OXtal, a 100M-parameter all-atom diffusion model, predicts organic crystal structures from 2D chemical graphs by learning joint distributions over conformations and periodic packing.

A machine-rendered reading of the paper's core claim, the machinery that carries it, and where it could break.
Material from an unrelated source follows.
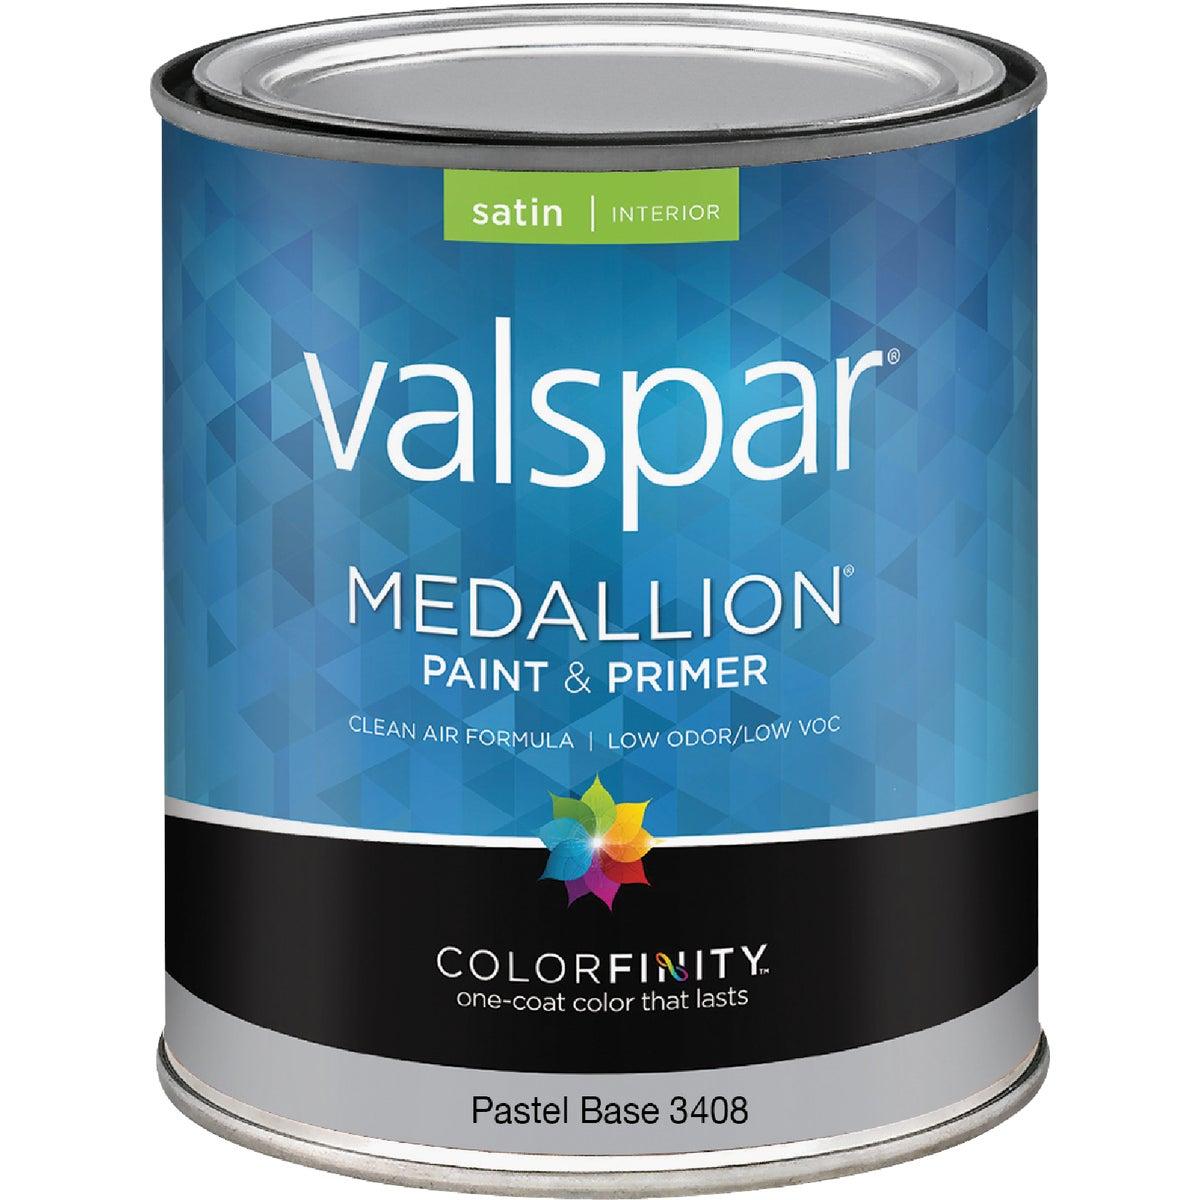 INT SAT PASTEL BS PAINT - 027.0003408.005 by Valspar Corp

The paper introduces OXtal as a large-scale diffusion model with 100 million parameters that directly predicts 3D crystal structures of organic molecules from their 2D chemical representations. It forgoes traditional equivariant architectures and instead uses data augmentation along with a new Stoichiometric Stochastic Shell Sampling method to efficiently train on periodic structures without explicit lattice definitions. With training on 600,000 real crystal examples, the model achieves conformer RMSD below 0.5 angstroms and more than 80 percent packing similarity to experimental data, showing it can capture key aspects of how molecules arrange in solids.

Core claim

By learning the conditional joint distribution over intramolecular conformations and periodic packing using a diffusion process and lattice-free sampling, OXtal recovers experimental structures with high fidelity at a fraction of the cost of quantum methods.

What carries the argument

The Stoichiometric Stochastic Shell Sampling (S^4) training scheme, which samples molecular shells to capture long-range interactions scalably without lattice parametrization.

If this is right

  • Provides a scalable alternative to traditional CSP methods for organic solids in pharmaceuticals and electronics.
  • Handles diverse systems including flexible molecules, co-crystals, and solvates.
  • Models both stable thermodynamic packings and kinetic preferences in crystallization.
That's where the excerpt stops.